Testing single precision
Loading binary file data/conv1.bin
Loading binary file data/conv1.bias.bin
Loading binary file data/conv2.bin
Loading binary file data/conv2.bias.bin
Loading binary file data/ip1.bin
Loading binary file data/ip1.bias.bin
Loading binary file data/ip2.bin
Loading binary file data/ip2.bias.bin
Loading image data/one_28x28.pgm
Performing forward propagation …
Testing cudnnGetConvolutionForwardAlgorithm_v7 …
^^^^ CUDNN_STATUS_SUCCESS for Algo 1: -1.000000 time requiring 0 memory
^^^^ CUDNN_STATUS_SUCCESS for Algo 0: -1.000000 time requiring 0 memory
^^^^ CUDNN_STATUS_SUCCESS for Algo 2: -1.000000 time requiring 0 memory
^^^^ CUDNN_STATUS_SUCCESS for Algo 5: -1.000000 time requiring 178432 memory
^^^^ CUDNN_STATUS_SUCCESS for Algo 4: -1.000000 time requiring 184784 memory
^^^^ CUDNN_STATUS_SUCCESS for Algo 7: -1.000000 time requiring 2057744 memory
^^^^ CUDNN_STATUS_NOT_SUPPORTED for Algo 6: -1.000000 time requiring 0 memory
^^^^ CUDNN_STATUS_NOT_SUPPORTED for Algo 3: -1.000000 time requiring 0 memory
Testing cudnnFindConvolutionForwardAlgorithm …
ERROR: cudnn failure (CUDNN_STATUS_ALLOC_FAILED) in mnistCUDNN.cpp:589
Aborting…

(6) Sometimes this:
Executing: mnistCUDNN
cudnnGetVersion() : 8600 , CUDNN_VERSION from cudnn.h : 8600 (8.6.0)
Host compiler version : GCC 11.3.0

There are 1 CUDA capable devices on your machine :
device 0 : sms 128 Capabilities 8.9, SmClock 2580.0 Mhz, MemSize (Mb) 24252, MemClock 10501.0 Mhz, Ecc=0, boardGroupID=0
Using device 0

Testing single precision
ERROR: cudnn failure (CUDNN_STATUS_INTERNAL_ERROR) in mnistCUDNN.cpp:414
Aborting…

(7) Both are run with sudo

(8)
±----------------------------------------------------------------------------+
| NVIDIA-SMI 520.56.06 Driver Version: 520.56.06 CUDA Version: 11.8 |
|-------------------------------±---------------------±---------------------+
| GPU Name Persistence-M| Bus-Id Disp.A | Volatile Uncorr.
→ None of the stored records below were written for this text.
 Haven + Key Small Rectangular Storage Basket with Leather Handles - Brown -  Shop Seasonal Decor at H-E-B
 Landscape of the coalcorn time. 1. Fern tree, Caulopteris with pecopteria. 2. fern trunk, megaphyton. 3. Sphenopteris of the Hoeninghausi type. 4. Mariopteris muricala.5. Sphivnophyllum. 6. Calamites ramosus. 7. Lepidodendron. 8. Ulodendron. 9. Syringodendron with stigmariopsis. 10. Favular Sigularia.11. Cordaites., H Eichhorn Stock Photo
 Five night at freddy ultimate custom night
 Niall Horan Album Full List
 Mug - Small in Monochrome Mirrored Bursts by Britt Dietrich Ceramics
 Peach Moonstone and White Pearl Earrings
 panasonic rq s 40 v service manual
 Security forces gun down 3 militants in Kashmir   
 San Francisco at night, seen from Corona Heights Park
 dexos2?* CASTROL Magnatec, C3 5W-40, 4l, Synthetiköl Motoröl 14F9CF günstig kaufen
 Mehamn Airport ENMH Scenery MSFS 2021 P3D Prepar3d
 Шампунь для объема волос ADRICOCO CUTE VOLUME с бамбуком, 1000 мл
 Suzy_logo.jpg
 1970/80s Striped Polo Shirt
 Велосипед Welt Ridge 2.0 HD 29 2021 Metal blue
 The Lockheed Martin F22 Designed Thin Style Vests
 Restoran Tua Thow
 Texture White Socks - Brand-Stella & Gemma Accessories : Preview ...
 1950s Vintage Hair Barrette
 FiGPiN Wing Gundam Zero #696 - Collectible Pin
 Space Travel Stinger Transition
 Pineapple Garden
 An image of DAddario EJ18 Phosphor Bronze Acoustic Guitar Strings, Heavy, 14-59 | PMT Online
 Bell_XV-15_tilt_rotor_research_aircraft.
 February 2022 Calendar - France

ECC |
| Fan Temp Perf Pwr:Usage/Cap| Memory-Usage | GPU-Util Compute M. |
| | | MIG M. |
|===============================+======================+======================|
| 0 NVIDIA GeForce … Off | 00000000:01:00.0 On | Off |
| 0% 44C P2 114W / 450W | 503MiB / 24564MiB | 0% Default |
| | | N/A |
±------------------------------±---------------------±---------------------+

±----------------------------------------------------------------------------+
| Processes: |
| GPU GI CI PID Type Process name GPU Memory |
| ID ID Usage |
|=============================================================================|
| 0 N/A N/A 2025 G /usr/lib/xorg/Xorg 244MiB |
| 0 N/A N/A 2282 G /usr/bin/gnome-shell 81MiB |
| 0 N/A N/A 3519 G …8/usr/lib/firefox/firefox 154MiB |
| 0 N/A N/A 34621 G …mviewer/tv_bin/TeamViewer 23MiB |
±----------------------------------------------------------------------------+

(9)
./deviceQuery Starting…

CUDA Device Query (Runtime API) version (CUDART static linking)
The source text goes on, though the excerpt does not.